What Does the NSA Know About You?
Barry Levine / Scitech Today | July 25 2006
Americans are discovering that, in addition to nearly 3,000 fellow citizens who died, another casualty of September 11, 2001, might be privacy in the digital age.
While there have been many recent reports in the news media pointing to an erosion of privacy, the major stories have concerned the mysterious National Security Agency (NSA). Like an onion being peeled layer-by-layer, the NSA has been the subject of one revelation after another concerning a domestic-spying program that takes advantage of the world's dependence on high technology. After 9/11, the program moved into high gear in an all-out effort to find al-Qaeda operatives and other terrorists.
But as each new layer is revealed, some people fear that what is underneath might be enough to bring tears to any civil libertarian: a real-world 1984 in which one's every word and deed is monitored in the name of security.
The Most Intelligence in the World
You might picture the NSA as a small, top secret committee with a mix of ad hoc agents and high-tech equipment, like the mysterious governmental network in The X-Files TV series.
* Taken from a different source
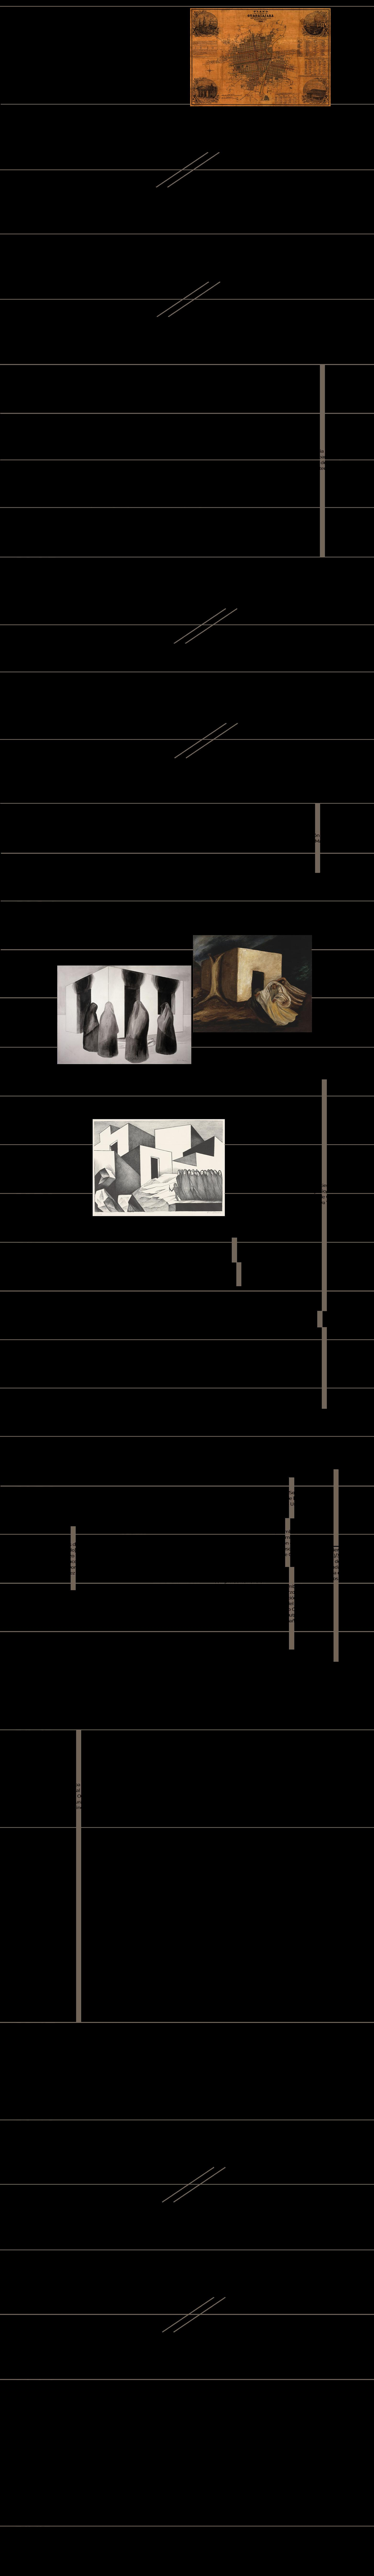 Lineadeltiempo-FINAL-191209-20dic

Or perhaps you're thinking of the den of assassins in the movie Enemy of the State.
Regardless, the NSA has historically denied easy description. Dubbed "No Such Agency" by observers and "Never Say Anything" by its staff, it was the Area 51 of government agencies -- so secret that even its existence was barely acknowledged.
But today the NSA is coming into clearer focus. According to James Bamford, author of Body of Secrets, the NSA, established in 1952, is currently the world's largest and most powerful intelligence agency -- far bigger than its better-known cloak-and-dagger cousin, the CIA.
Bamford, who covered the same subject 25 years ago in his book Puzzle Palace, has written that the NSA has nearly 40,000 employees, a massive "Crypto City" of more than 60 buildings hidden in suburban Maryland, and the most powerful computers on the planet. NSA scientists, Bamford says, are secretly working to develop computers capable of more than 1 septillion operations per second -- that's a 1 followed by 24 zeroes.
The NSA breaks codes, operates listening posts around the world, takes information from spy satellites, taps into phone conversations, sifts through data transmissions for leads on cases, and creates and releases computer viruses to disrupt enemy systems.
But, like many other aspects of American life, the NSA's activities are divided by a bright line marked "9/11."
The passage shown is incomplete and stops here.